Marriage is a contract. But love cannot be contracted. True love is like the fragrance of a flower. The flower does not say, I will only exude my fragrance if a saint passes by. No! The flower exudes its fragrance whether someone is there or not. The flower does not make a contract with Nature, saying, “I will only exude my fragrance when a beautiful woman passes by.” This is the true concept of love. It records no scores. It does not require anything in return. If someone is around to enjoy the scent of the flower, good. If no one is there, it is just as good. The flower simply blooms because it is in its nature to bloom. Likewise, true love does not require any contract. True love is a state of being. It is not a verb; it is a noun. It is not something we do, it is what we are. It is only when marriage is entered into in this kind of consciousness that the marriage is legit. But the moment true love is missing in the equation, marriage becomes null and void, even though it is accepted by society and the government. It is this missing element that has caused the disintegration of marriages we see all over the world. People enter marriage from a lower state of consciousness and expectations. But when both parties are spoiling each other with understanding, tolerance, and acceptance, the marriage blooms.

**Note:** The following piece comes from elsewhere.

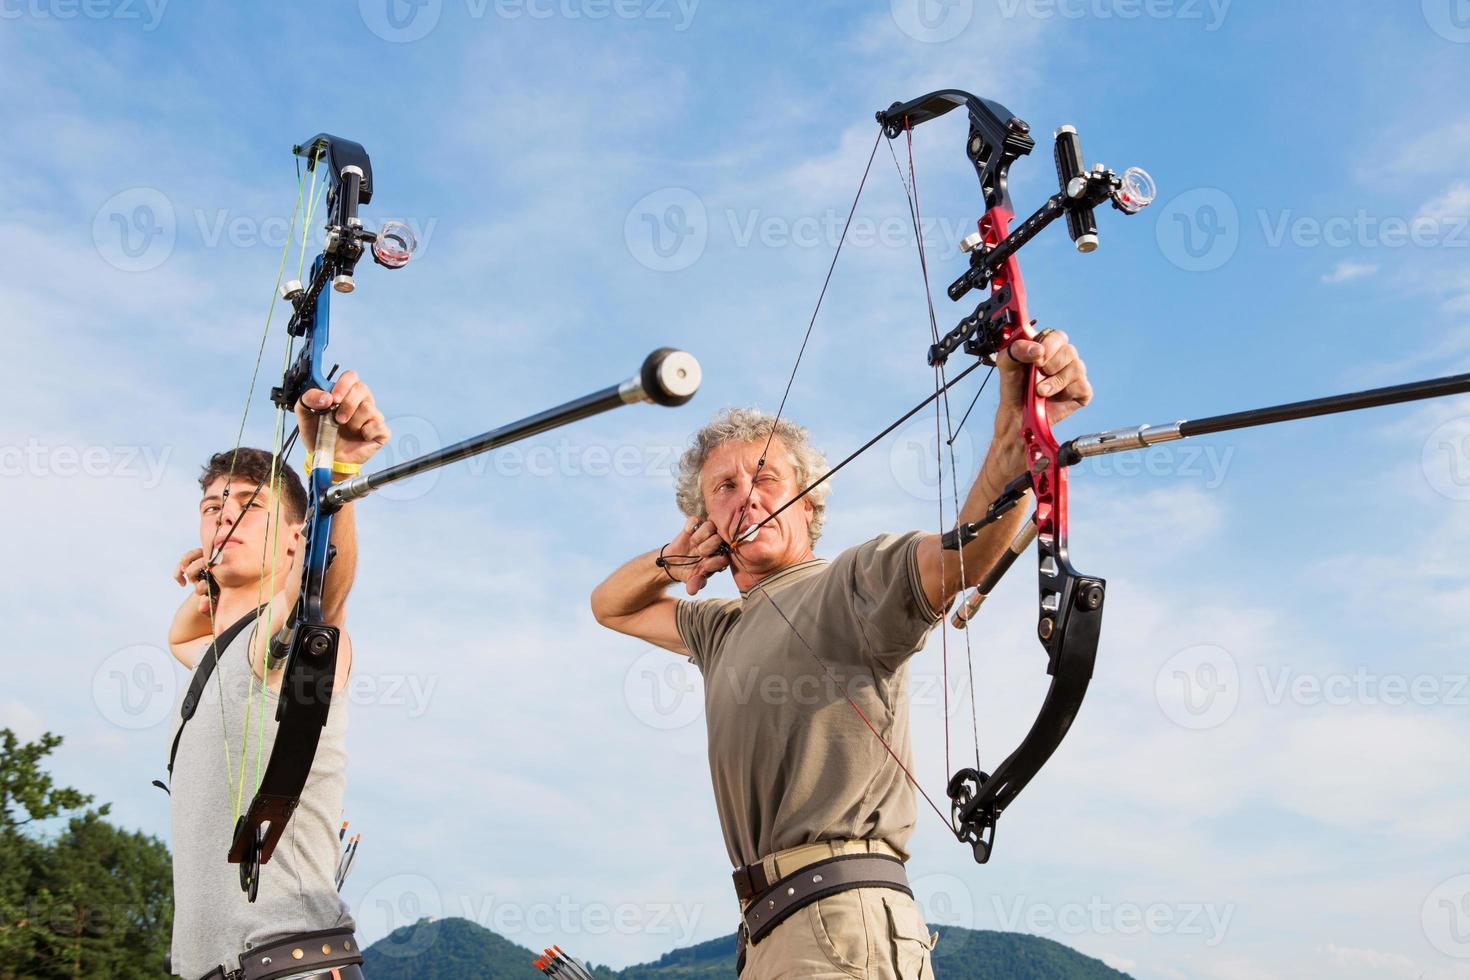 boogschutters ... vader en zoon oefenen schietwedstrijden foto

Let’s dive into the aspects of marriage that are, for the most part, not visible. First is the question, why should marriage be a contract? Most people, due to cultural and religious influences, have come to accept marriage as what a man needs to do to be whole. This is a faulty belief. It lacks substance. A man is whole as he is. He does not need anyone to complete him. By nature, he is the giving principle. And true, if there is a giving principle, there should be a polar opposite to receive. But that does not mean he cannot live alone if he so desires, nor is it required that he must marry.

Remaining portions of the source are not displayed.